La rémunération du salarié porté devra être d’au moins 2.380 euros mensuels pour un temps plein.

C’est un feuilleton de quelque sept ans qui s’est achevé ce mercredi avec la validation en Conseil des ministres d’une ordonnance sur le portage salarial (voir document ci-dessous).

Ce vocable recouvre une forme d’emploi déjà utilisée, selon un chiffrage gouvernemental, par quelque 15.000 salariés qui se trouvent une mission dans une entreprise sous forme de prestation de service mais ne veulent pas perdre les avantages du salariat.

La société de portage emploie le salarié porté, lui verse un salaire et facture ses clients mais c’est lui qui les démarche.

Le dossier a été ouvert en 2008, à la demande du gouvernement, sur cette pratique illégale mais en plein essor.

En 2010, un accord a été conclu par tous les syndicats, sauf FO, avec le patronat du portage salarial pour l’encadrer.

Après quelques mésaventures, en mai 2013, il a été étendu par le ministère du Travail, une procédure qui applique l’accord à l’ensemble des entreprises du secteur.

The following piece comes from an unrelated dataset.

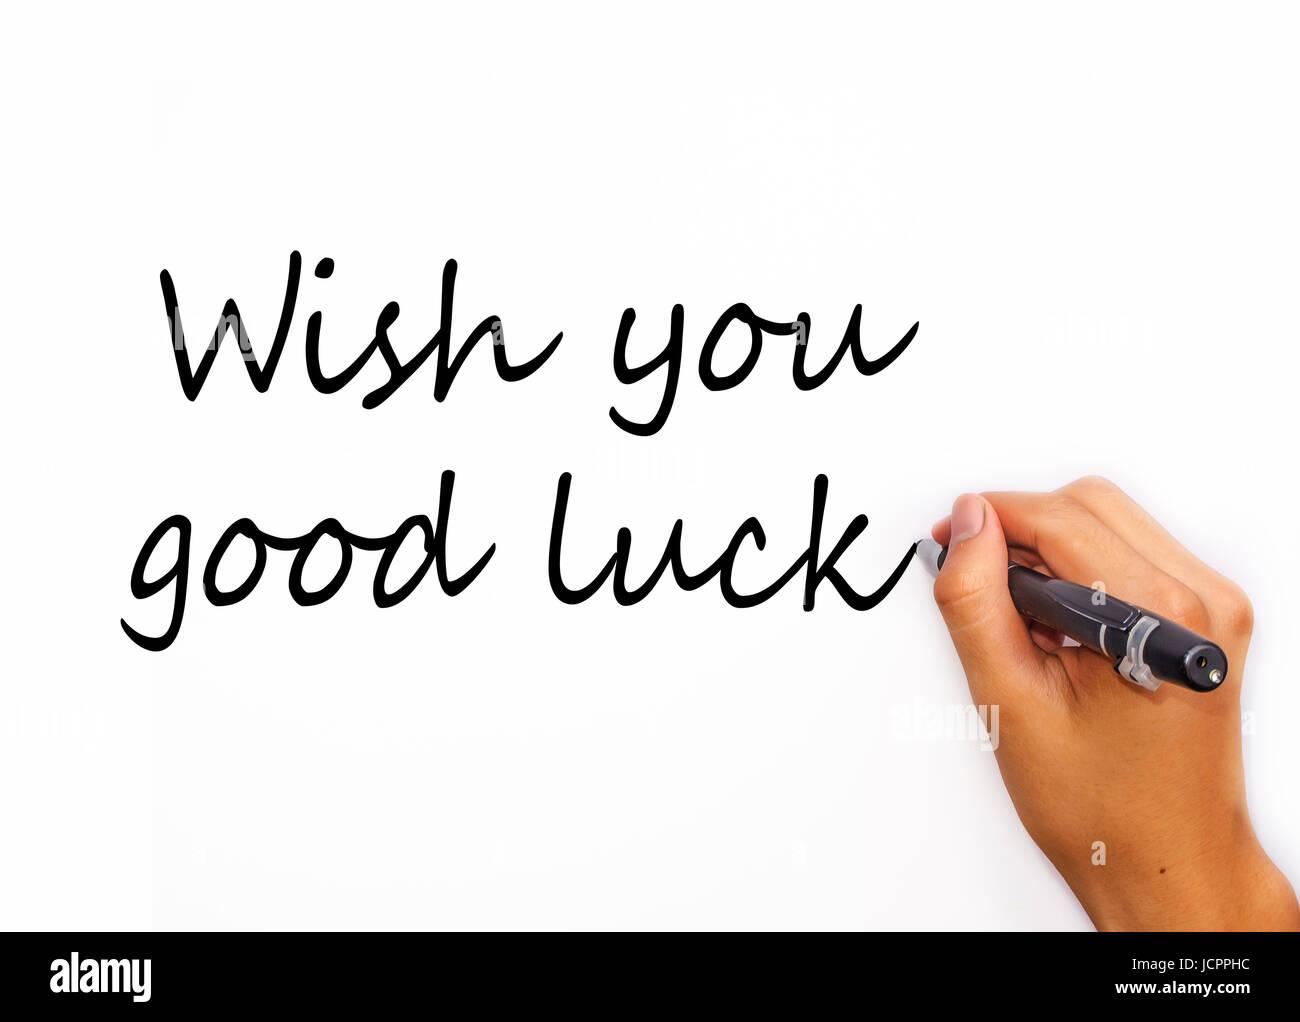 We Wish You Good Luck

Mais il y a un an, le Conseil constitutionnel a retoqué cette extension, estimant qu’il fallait absolument une loi.

C’est donc chose faite désormais puisque l’ordonnance entrera en vigueur dès sa publication au « Journal officiel ».

Une « indemnité d’apport d’affaire »

Comme les partenaires sociaux l’avaient décidé, le portage salarial sera bien réservé de fait aux personnes qui justifient « d’un niveau d’expertise, de qualification et d’autonomie qui [leur] permettent de rechercher [leurs] clients et négocier avec eux [ leur] prestation », en clair, les cadres.

Il est aussi prévu une rémunération minimale de 2.380 euros mensuels bruts pour un plein temps (75 % du plafond de la sécurité sociale), une durée maximale de prestation de 36 mois dans la même entreprise et l’exclusion des services à la personne du dispositif.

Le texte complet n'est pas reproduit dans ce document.